What this task involves: Without including any images, repeat the listing below exactly.

Data shown:
>>>>>

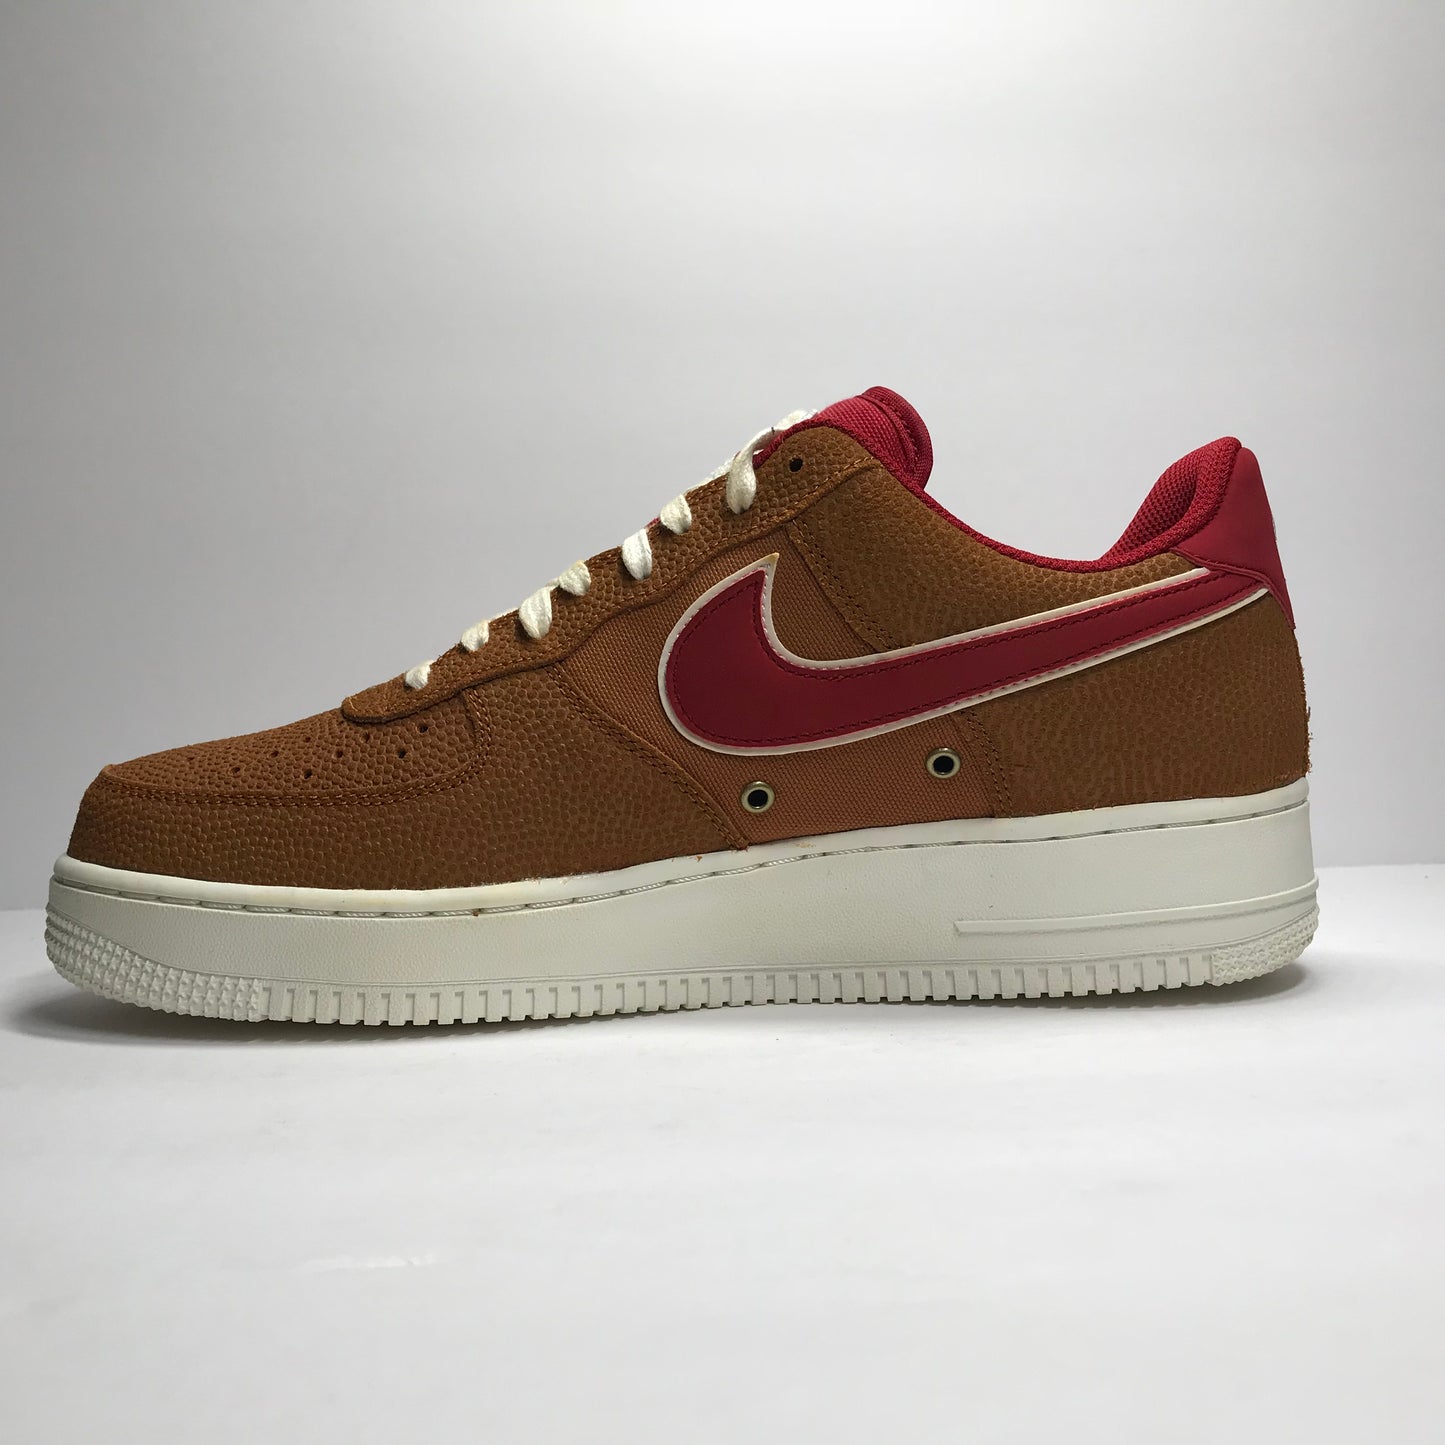 Nike Air Force 1 Low '07 LV8 - 718152 206  - Size 9.5 Tawny/Gym Red Basketball Leather
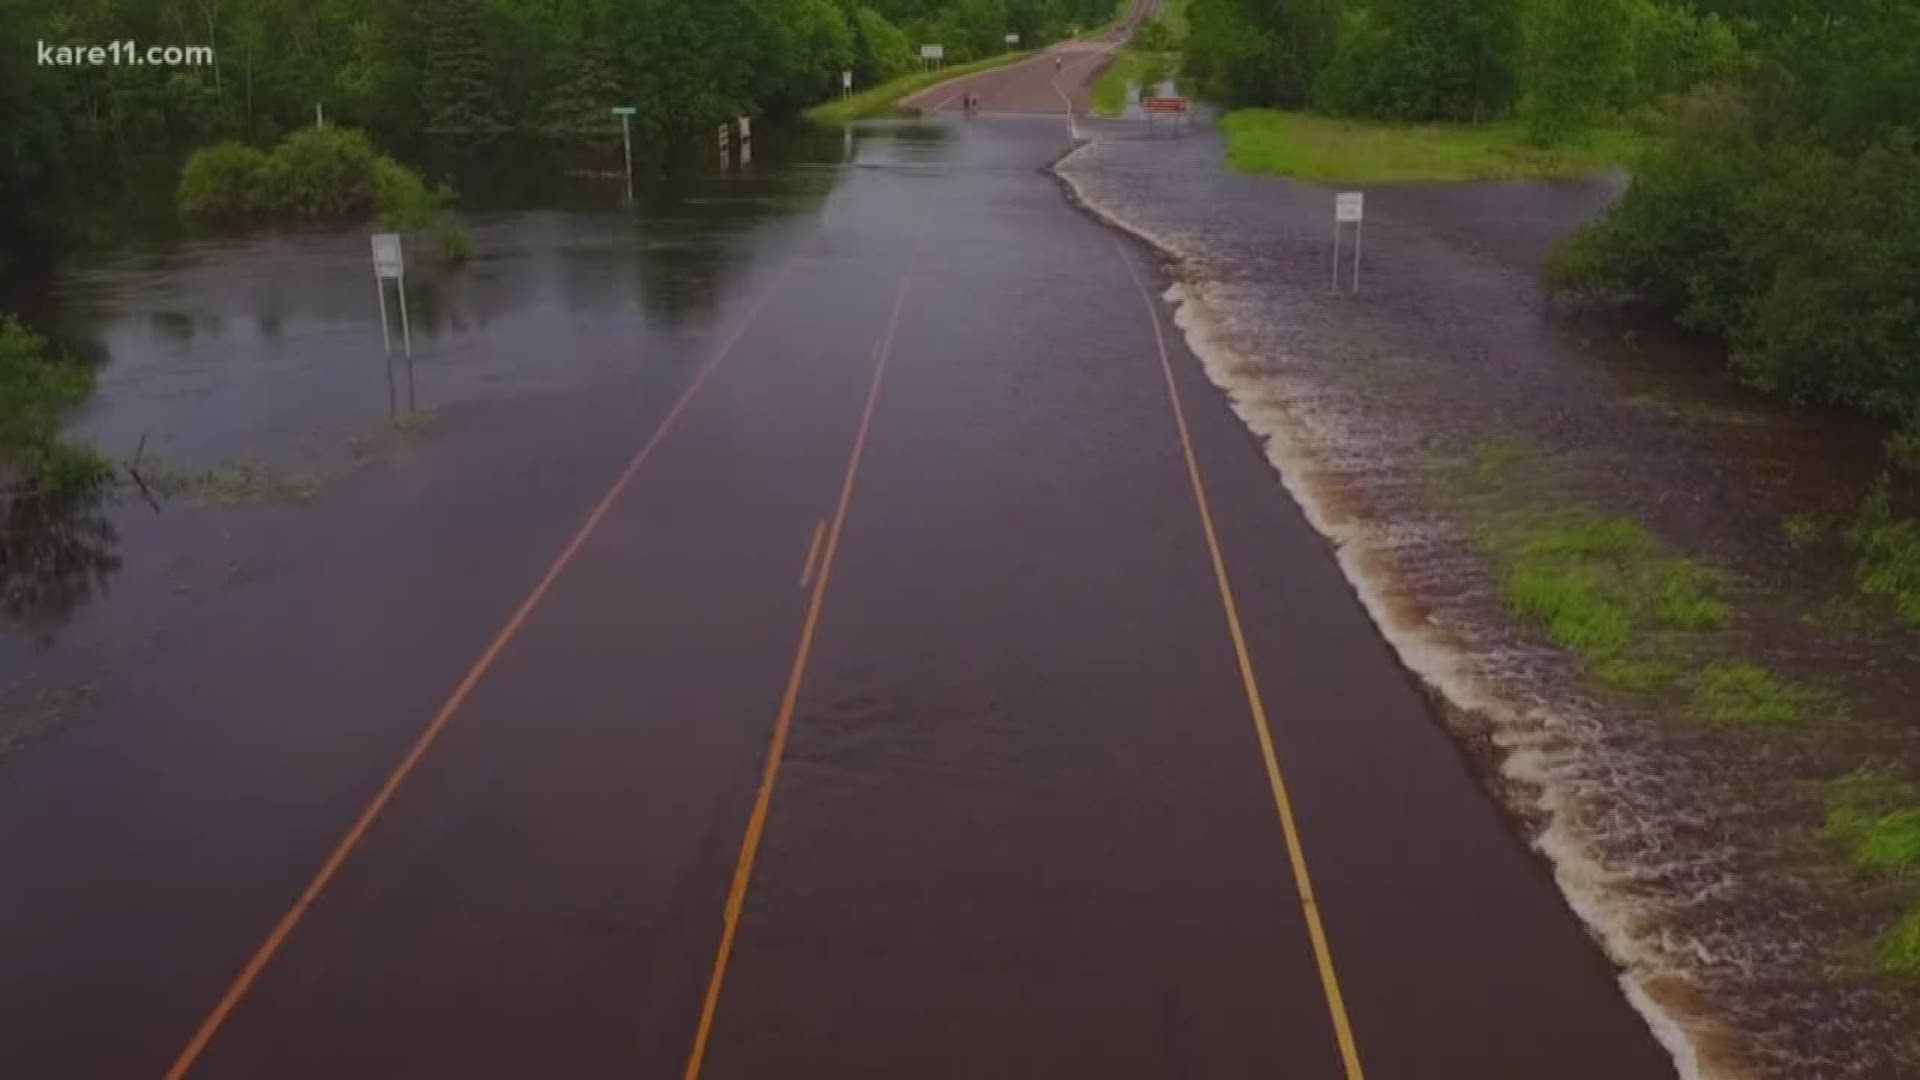 Heavy rains have caused an earthen dam to fail in a rural area of northwestern Wisconsin. https://kare11.tv/2HZfoXu
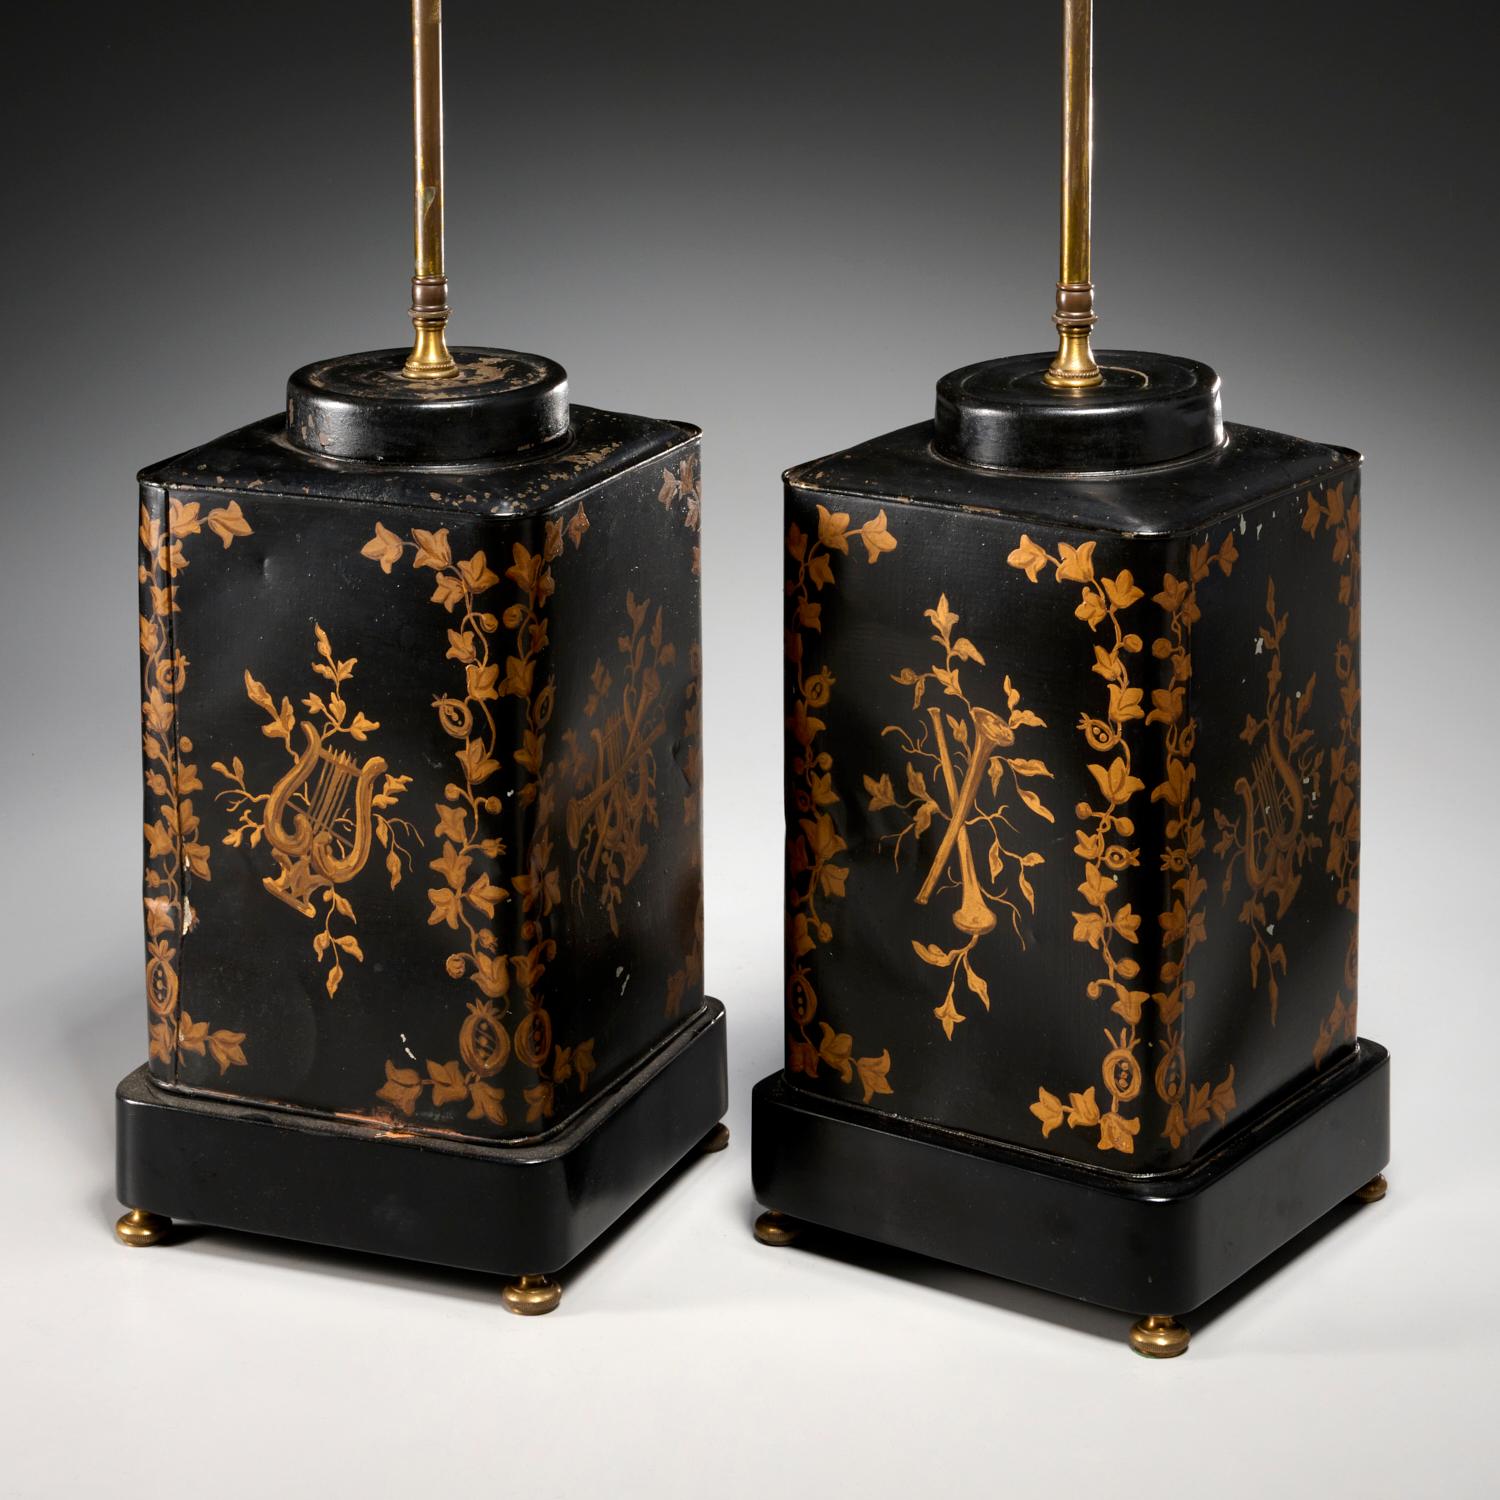 A pair of late 19th c. tea canisters adapted to table lamps each with 3 bulb sockets. With gold painted decorated black enameled metal, each rectangular canister is decorated with bugles and lyres framed by foliate band. Each has an issuing brass
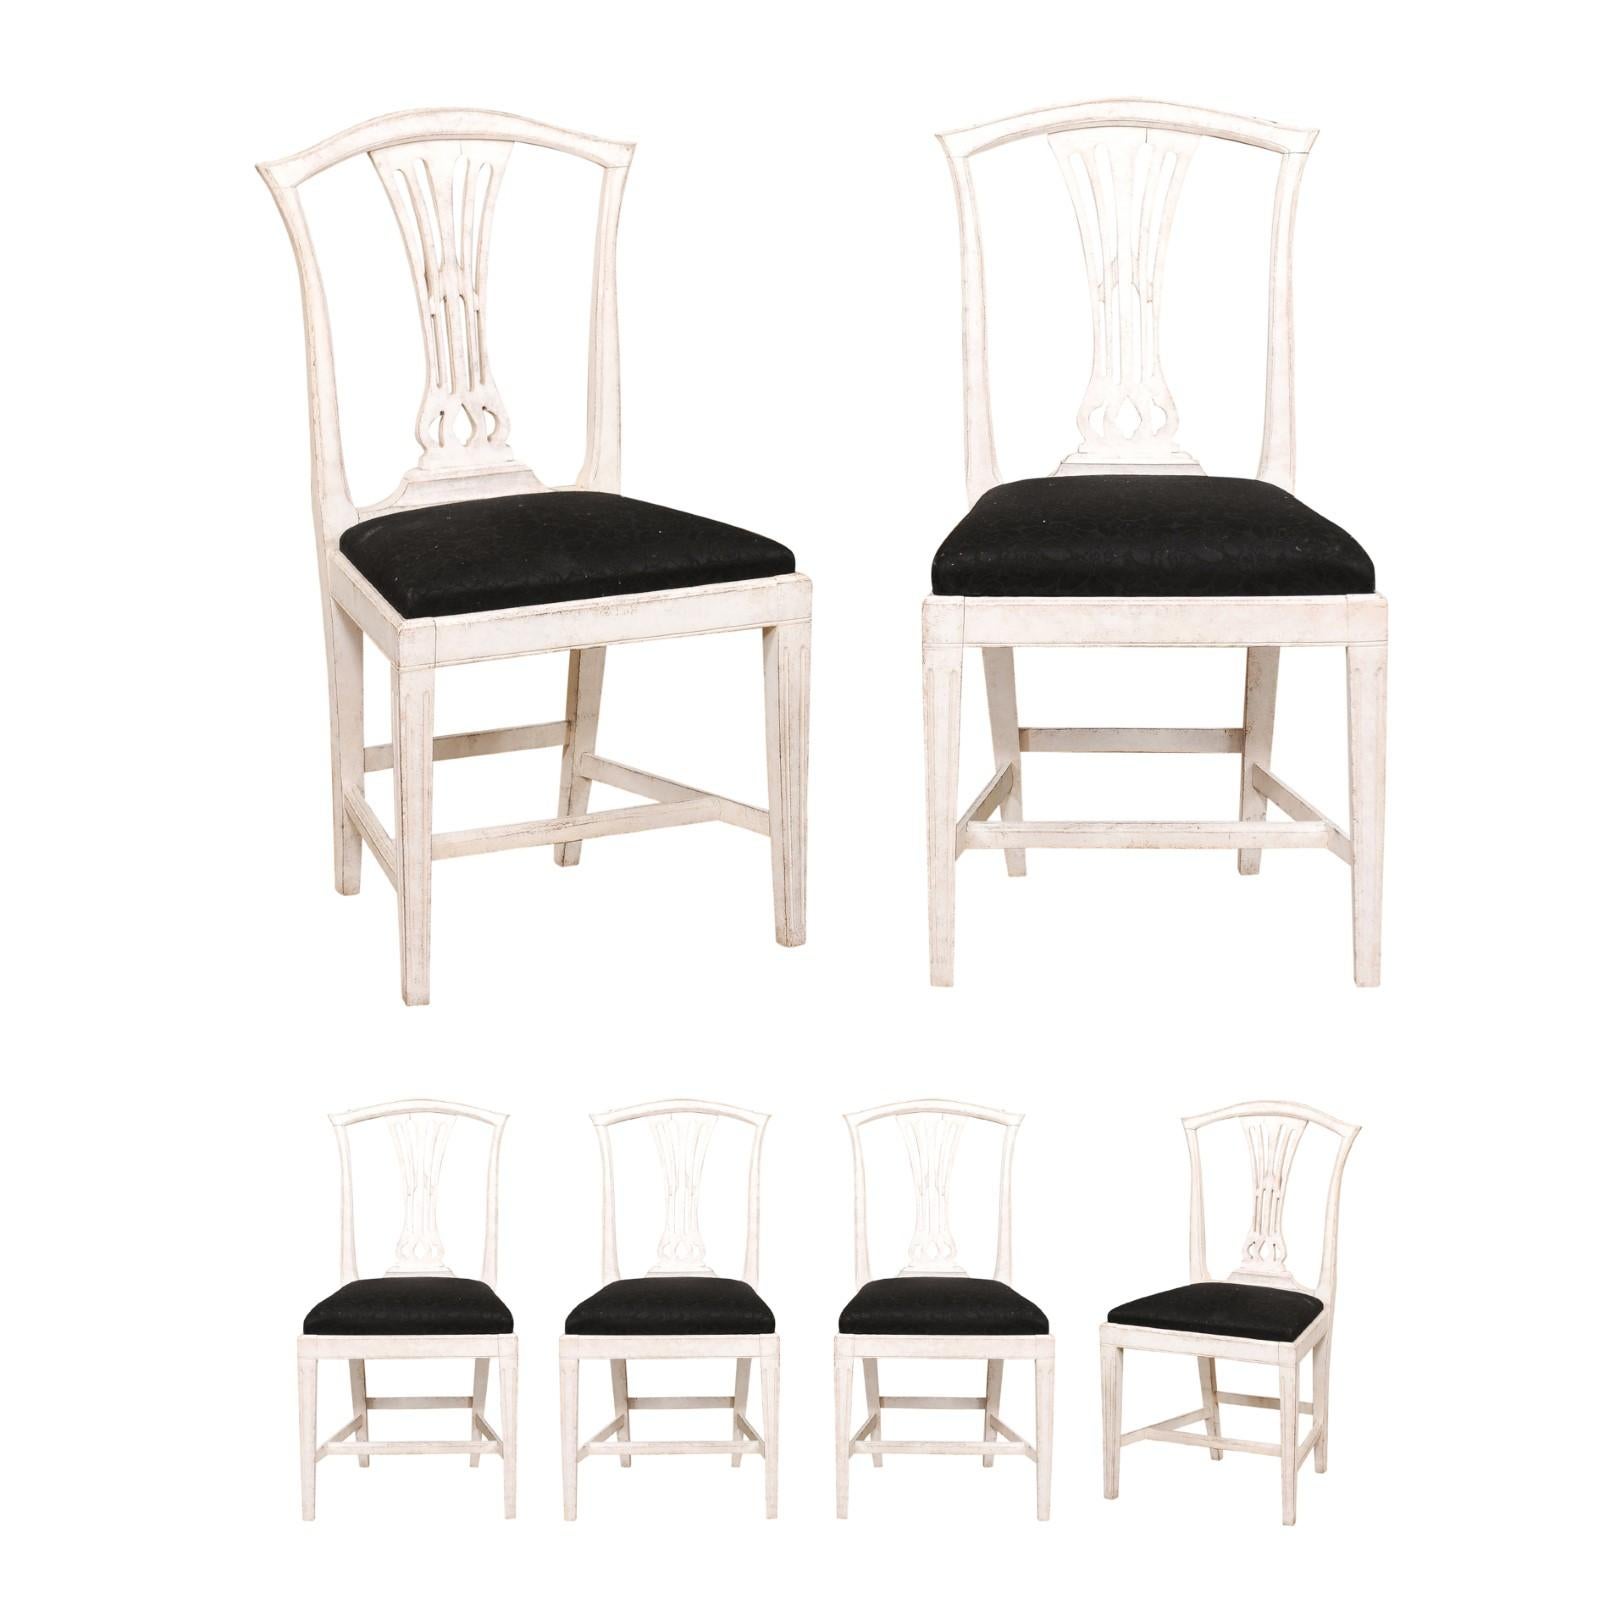 A set of six Swedish painted wood dining room side chairs from the late 19th century, with carved splats, tapering legs and black upholstery. Created in Sweden during the last decade of the 19th century, each of this set of six painted chairs

<<<<<

Answer below:
 Nike Air Force 1 Low '07 LV8 - 718152 206  - Size 9.5 Tawny/Gym Red Basketball Leather
 Heavy rains have caused an earthen dam to fail in a rural area of northwestern Wisconsin. https://kare11.tv/2HZfoXu
 A pair of late 19th c. tea canisters adapted to table lamps each with 3 bulb sockets. With gold painted decorated black enameled metal, each rectangular canister is decorated with bugles and lyres framed by foliate band. Each has an issuing brass
 A set of six Swedish painted wood dining room side chairs from the late 19th century, with carved splats, tapering legs and black upholstery. Created in Sweden during the last decade of the 19th century, each of this set of six painted chairs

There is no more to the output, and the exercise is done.